(Source data begins)

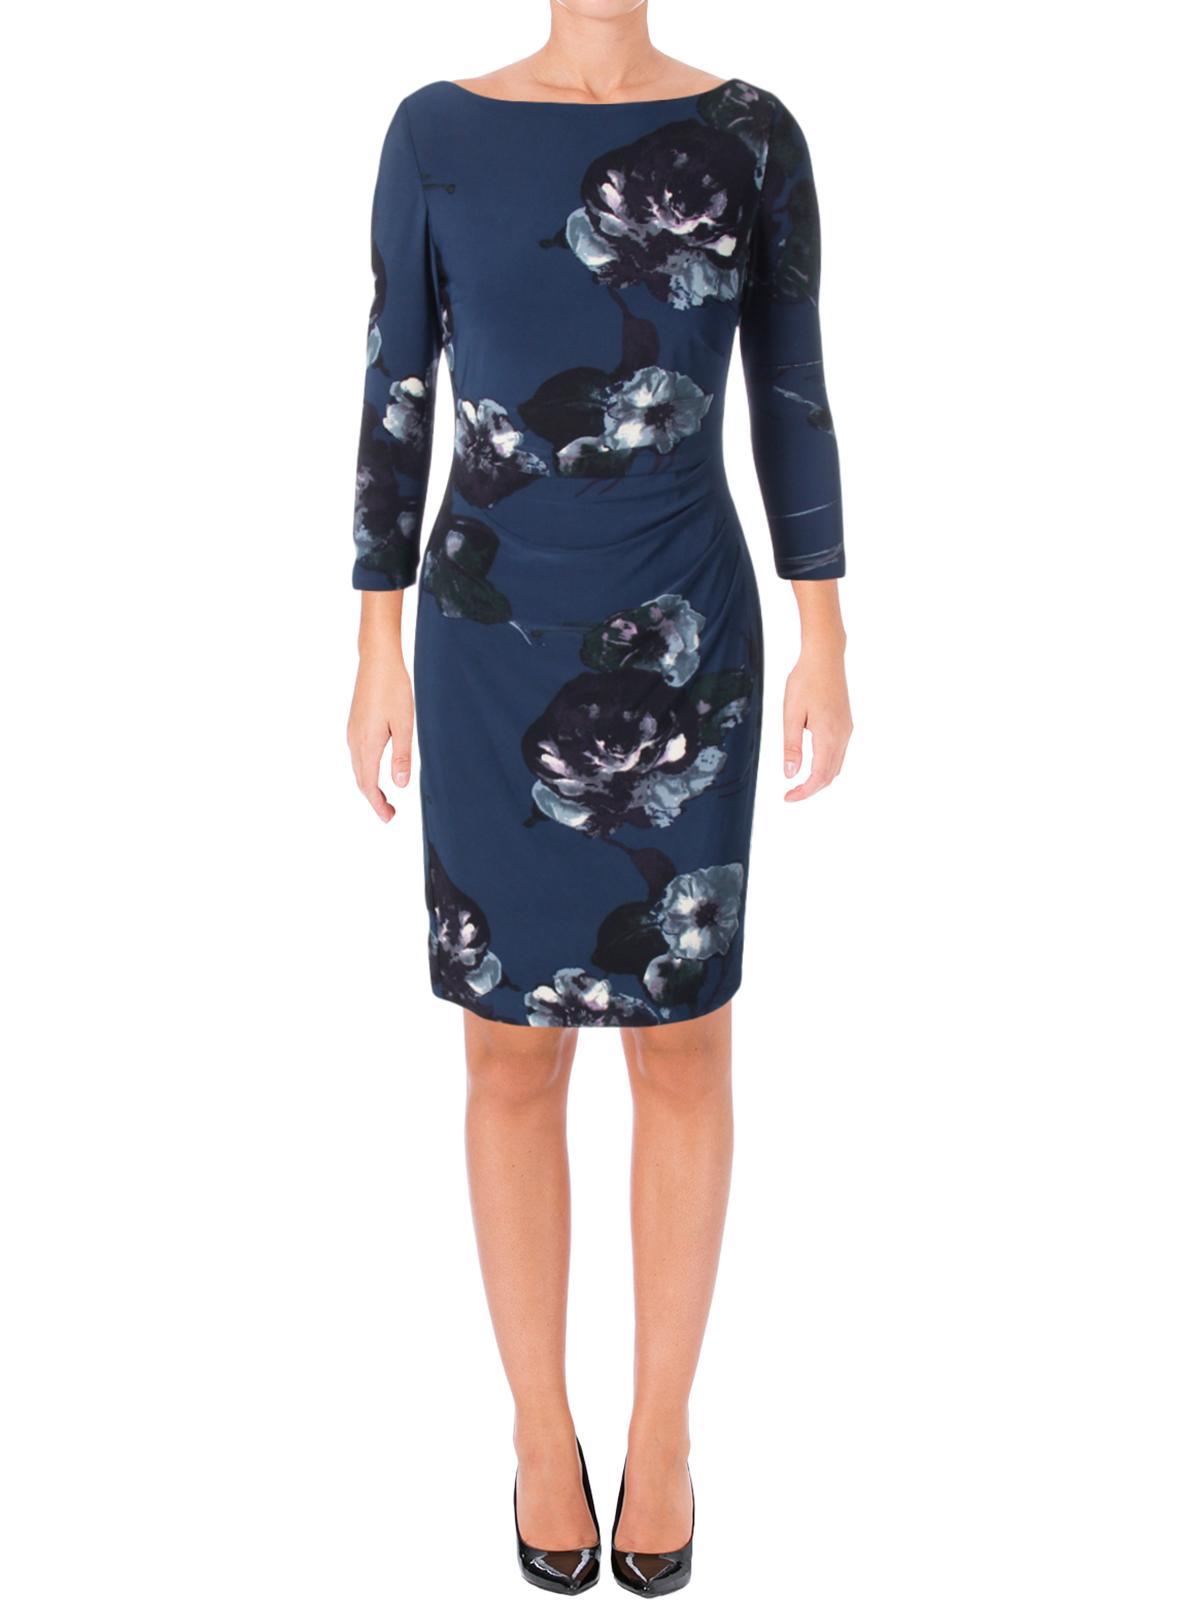 Lauren Ralph Lauren Womens Ruched Side Floral Print Wear to Work Dress
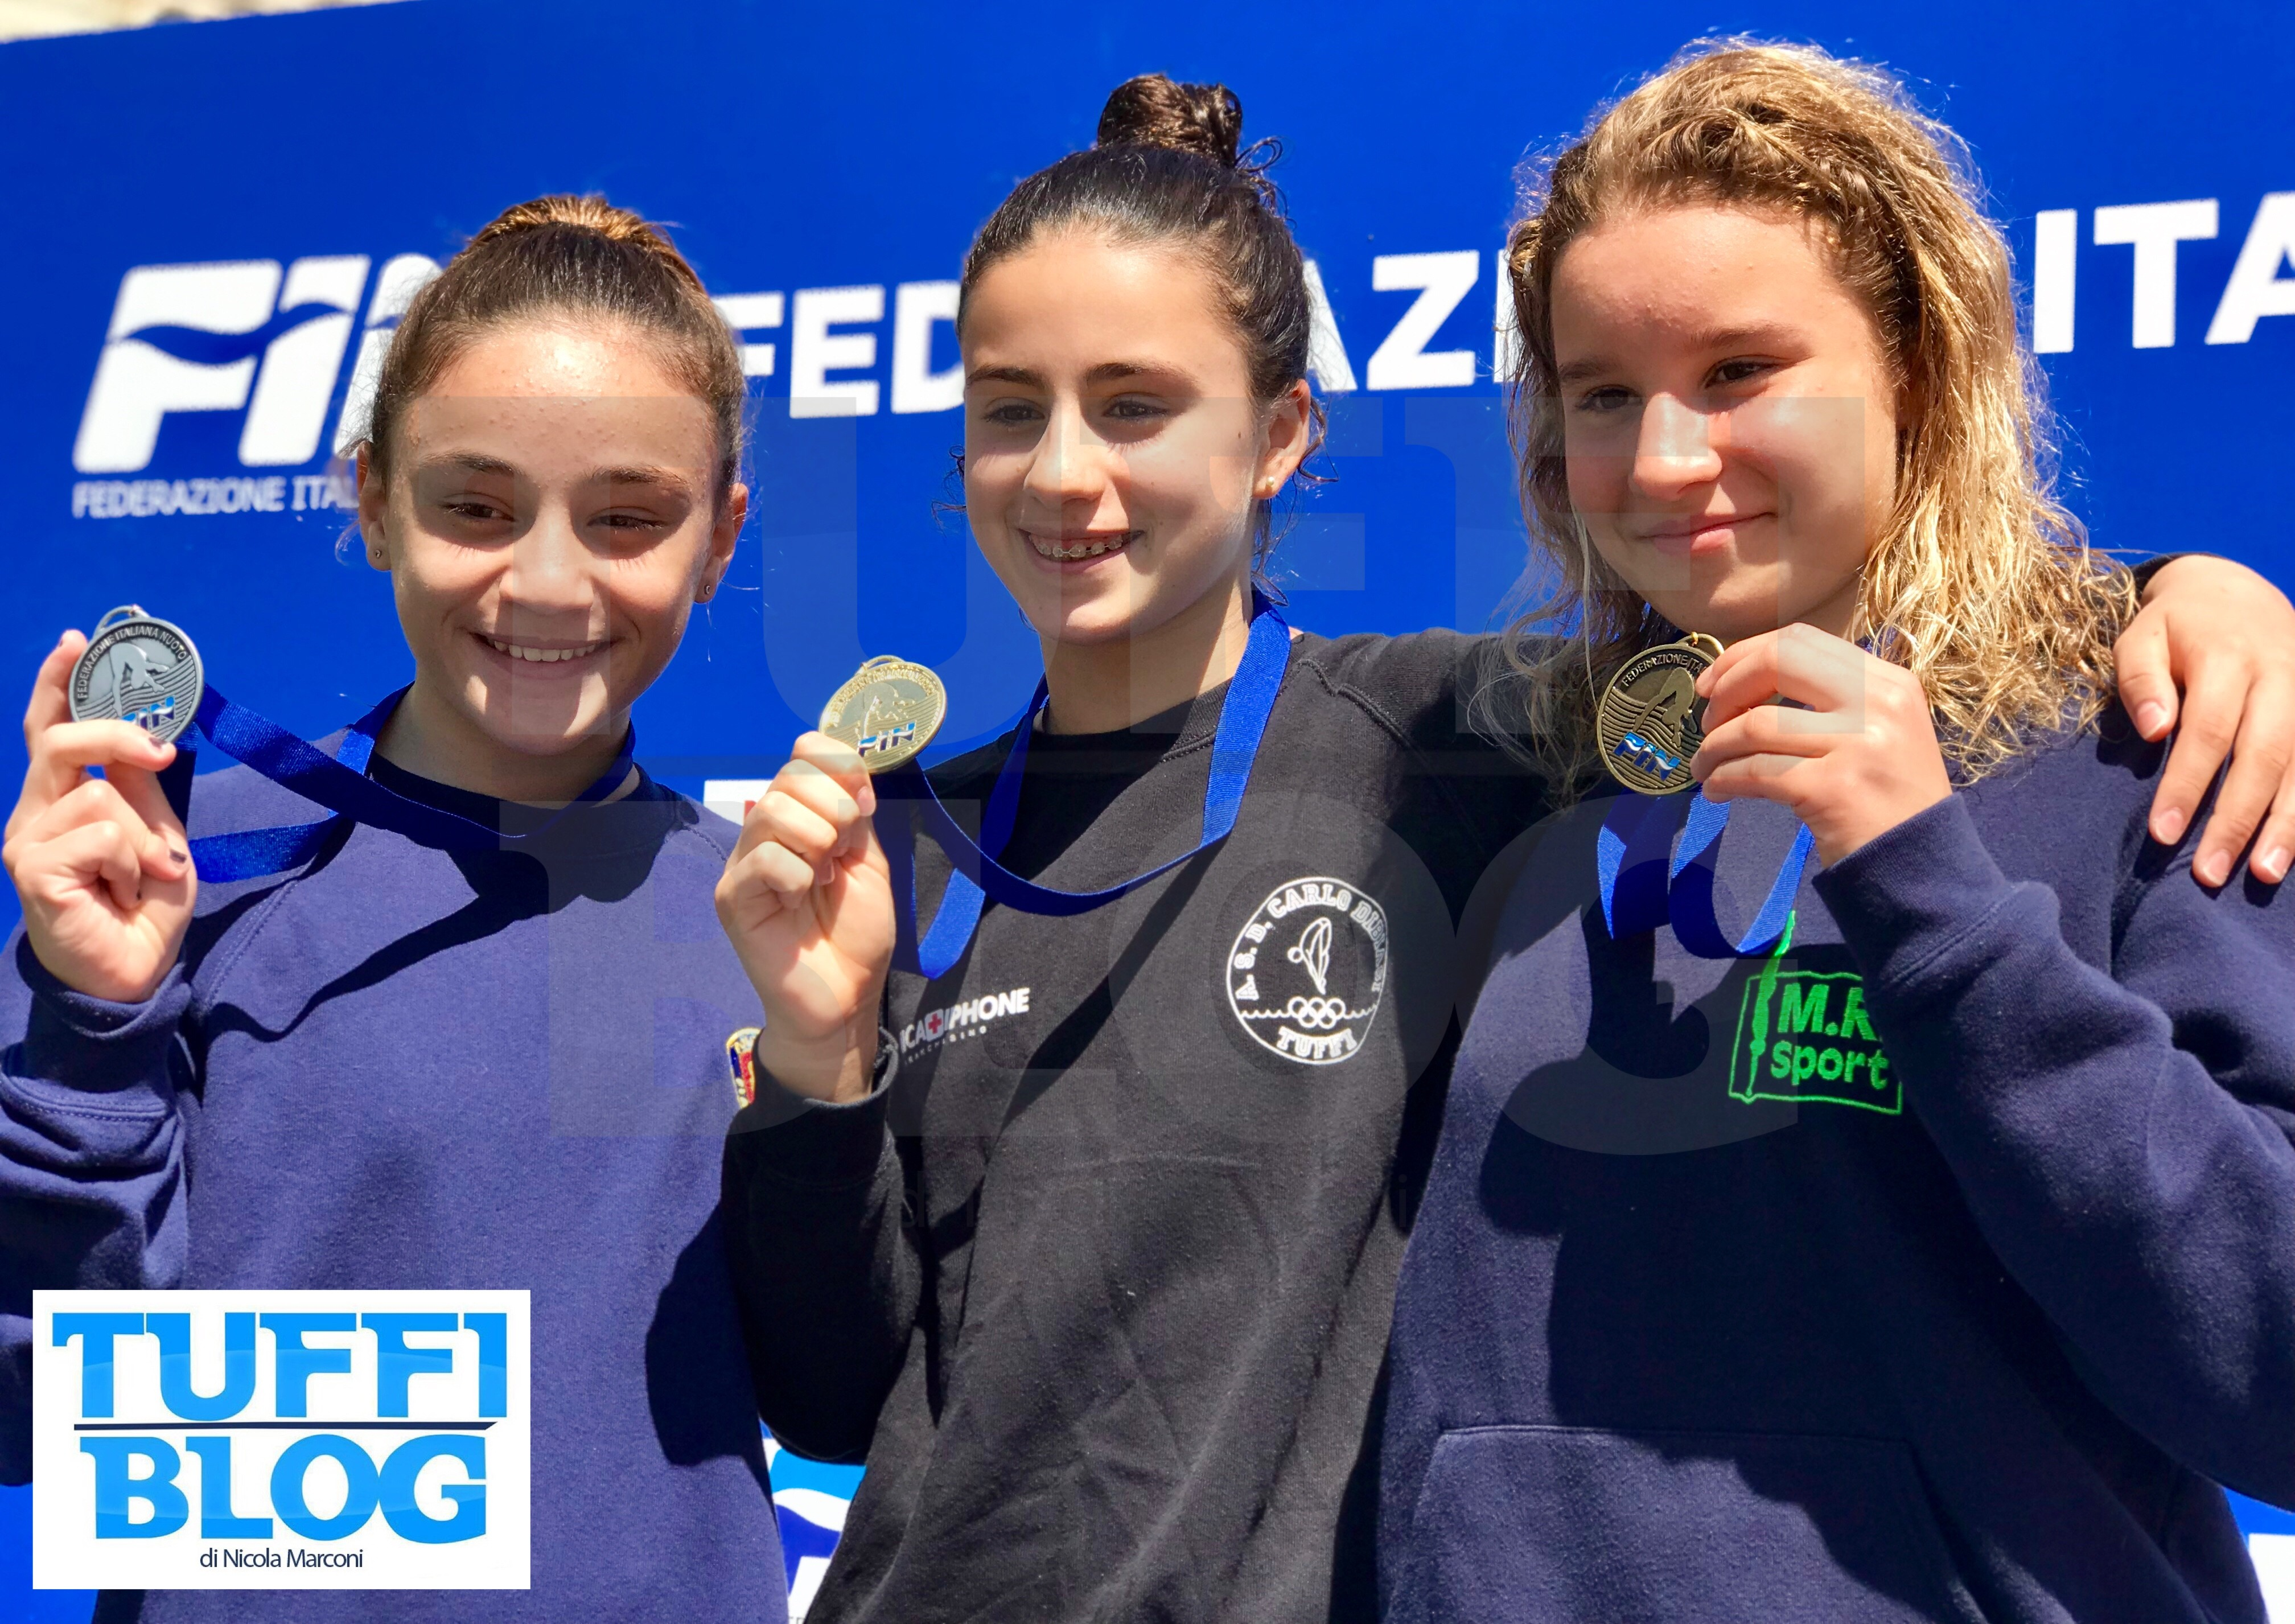 GP Atleti Azzurri: Roma - i risultati del venerdì mattina
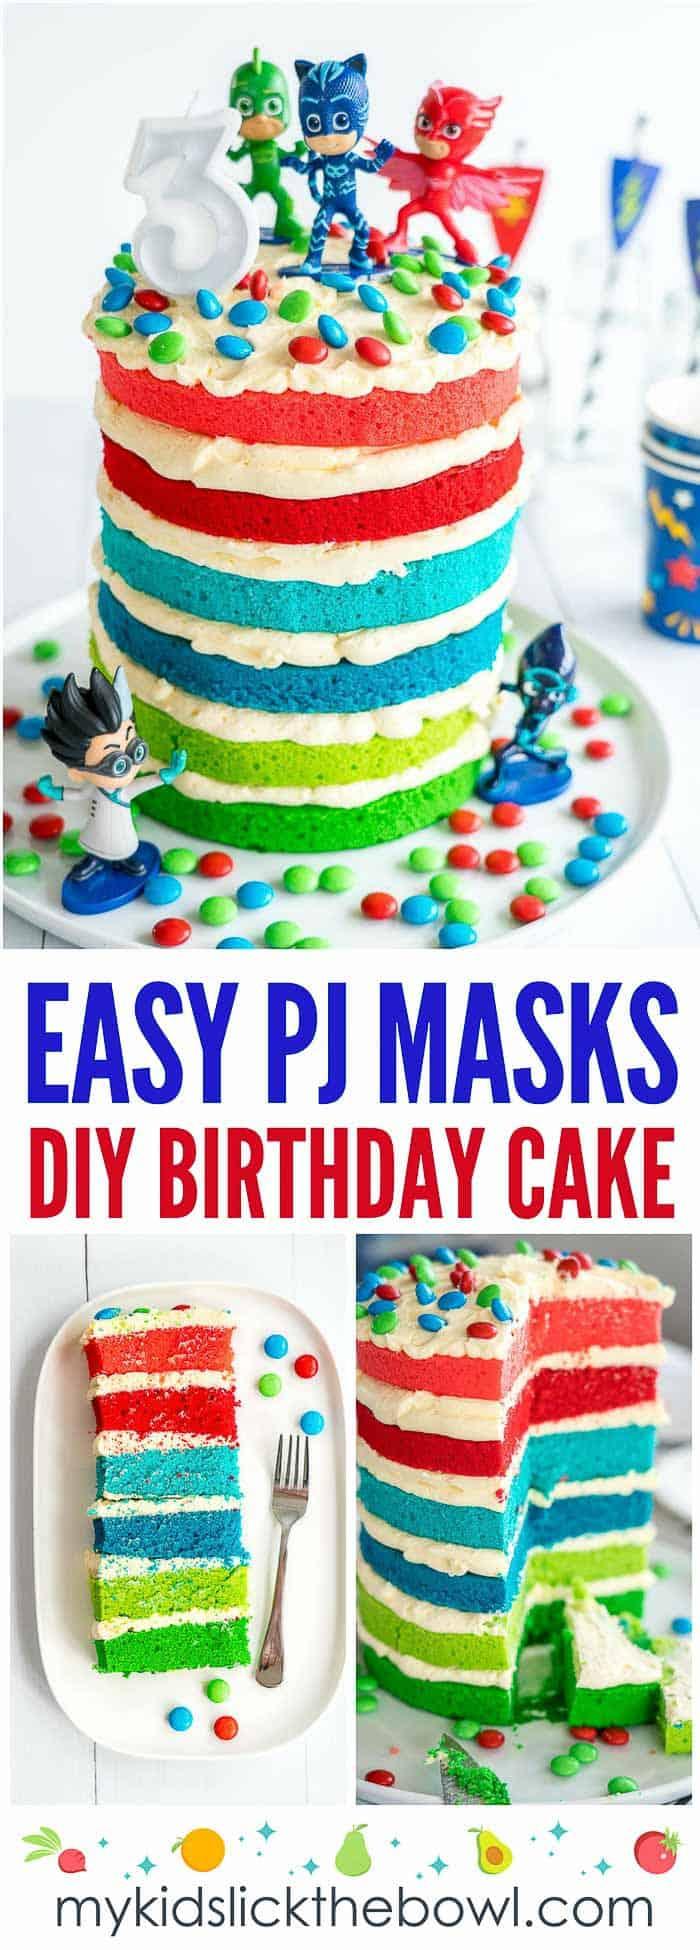 Boys Birthday Cake Pj Masks Cake Easy Diy Birthday Cake For Kids

(Source data ends)

» Brief
Retype the data in full. Images do not go in the copy.

» Reply
 Lauren Ralph Lauren Womens Ruched Side Floral Print Wear to Work Dress
 GP Atleti Azzurri: Roma - i risultati del venerdì mattina
 Boys Birthday Cake Pj Masks Cake Easy Diy Birthday Cake For Kids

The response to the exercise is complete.